It’s a cliché because it’s true, becoming a parent changes you. One of the things that has changed the most is how we look at the plight of other children who are not as fortunate as ours.

This is only my second Father’s Day as a dad. The first one my daughter was just three days old. We celebrated her first birthday on Friday. The experience exhausts all the adjectives you can think of. It also changes your outlook on life.

This crisis reduces them to the most basic of all human features: a mammal.

One of the most striking, deeply felt sensations for us has been to realize how defenseless children are. It sounds obvious, and it is —you don’t need to have a child to understand it—but living in Venezuela the feeling takes on a different dimension.

Over this past year we have met many other parents, from all backgrounds. Some we met in person, many others over parents’ groups on Whatsapp devoted to finding and exchanging all types of baby supplies. Two themes keep coming back.

First, is how the current humanitarian crisis violates the most basic human dignities, right from birth. From a baby having to go all day with just one diaper, or how their mothers improvise with plastic bags —because they can’t find or afford more than that— to the endless race to find vaccines, to kids with cancer going without chemotherapy.

This crisis, by forcing people to think only about the most necessary items –what’s needed to survive, and little more– reduces them to the most basic of all human features: a mammal. A body that has to be fed, and no more. For babies of the poor, most things above food are simply unaffordable or can’t be found at any price, whether that’s diapers or oral solutions to treat diarrhea.

The second issue, and one that especially gets me as a father, is the incredible abundance of absent and rarely present fathers in our country. These includes guys who might show up every couple of months with a small pack of diapers and maybe some money, to guys that don’t show up at all.

We have seen or heard of guys that run the gamut of bad or invisible fathers, who on our admittedly limited sample appear to be more common that the decent ones. Many disappeared well before the baby was born. Others promised they would be around, only to leave a few weeks after the birth.

It’s​ not only about those who left for good. There are the guys who get home at 10pm every night because they were “working”; in truth, they want to arrive when the baby is already asleep so they can avoid dealing with any daddy duty. Another classic are the fathers who get home with several friends to get blind drunk while their wives take care of the days-old baby, and cooks dinner for them as well.

There’s the guy who had a baby outside his marriage with a coworker. They were each assigned a Mision Vivienda apartment in the same building, but the guy doesn’t want her to move there, lest her and the baby run into his wife, who doesn’t know about the baby.

During the last Mother’s Day, I learned that it’s quite common for guys to leave their partners –the mother of their children– alone the whole day, and they go spend the day with their own mothers.

The issue that especially gets me is the incredible abundance of absent and rarely present fathers in our country.

Barely anyone in the Venezuelan public sphere talks about this. Every Mother’s Day or International Women’s Day we read the same statements or tweets from politicians about the Venezuelan “warrior women” (guerreras); how tough and hardworking they are, raising their children under incredibly tough circumstances.

Care to mention that they need to be such guerreras because the absent fathers of their children are worthless pieces of shit? Or that even many men that don’t disappear, do close to nothing to help raise their children?

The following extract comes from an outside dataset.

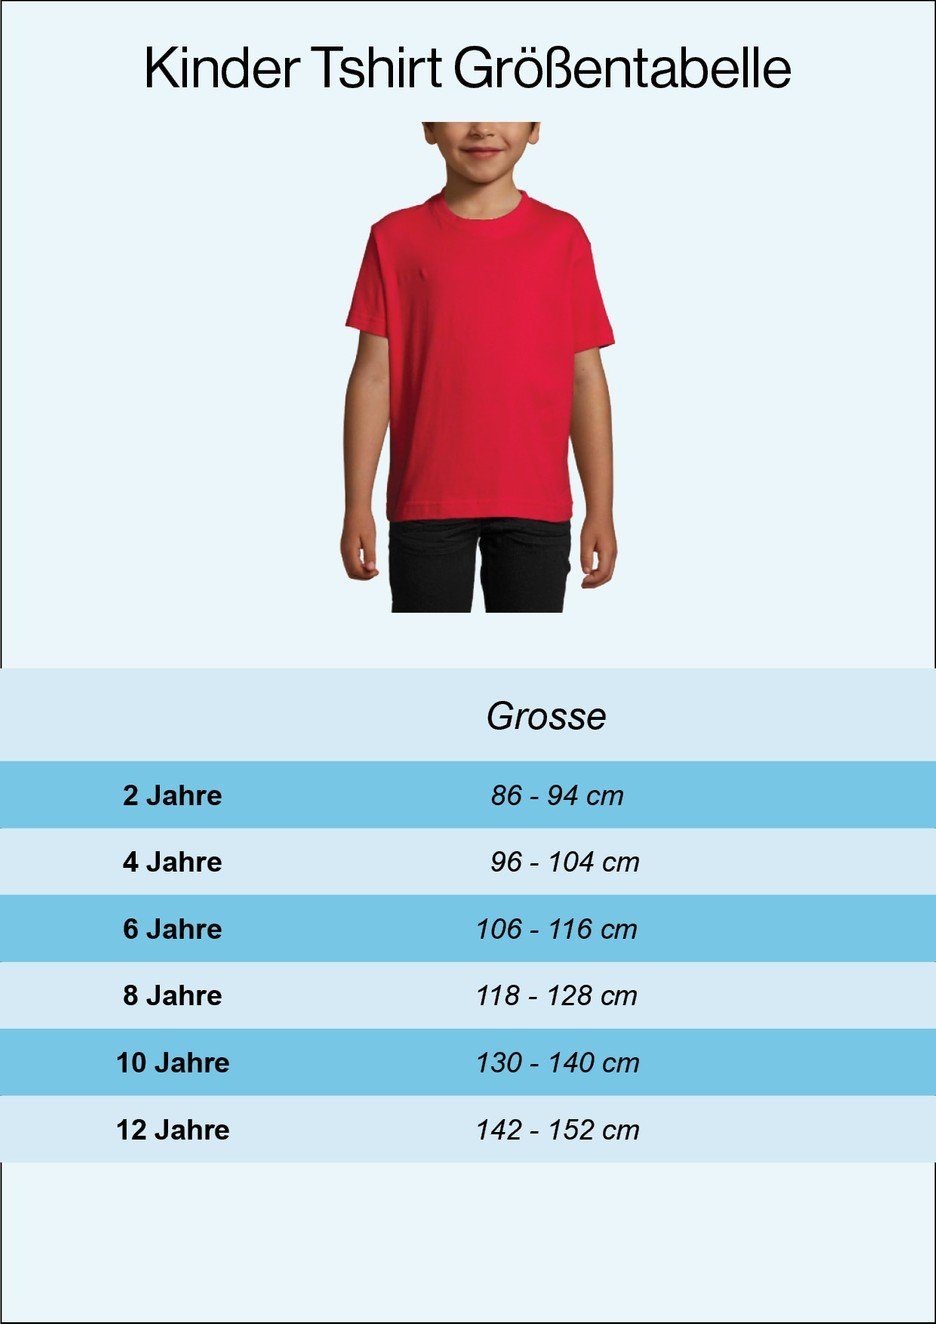 Youth Look Polen T-Shirt Fußball Trikot Designz T-Shirt mit Rot Motiv trendigem im Kinder

This is not about pontificating about marriage or the traditional family: it’s about men not taking responsibility for their kids, whether they form a couple with the mother or not. And this complete lack of cojones happens in a country chock-full of machismo culture.

While me and my wife have felt this way before, it’s different when you think about this with your daughter in front of you. You think about recent cases that you know, and of people in the past, and you can’t help but think, “How can they do that?”

This rant comes, believe or not, not from anger but from happiness. It comes from caring so much that it’s hard to fathom how others can allow or do these bad things. It comes from having your child look straight into your eyes. As much as I think about it, I can’t come up with a phrase to properly describe that look, so I won’t try.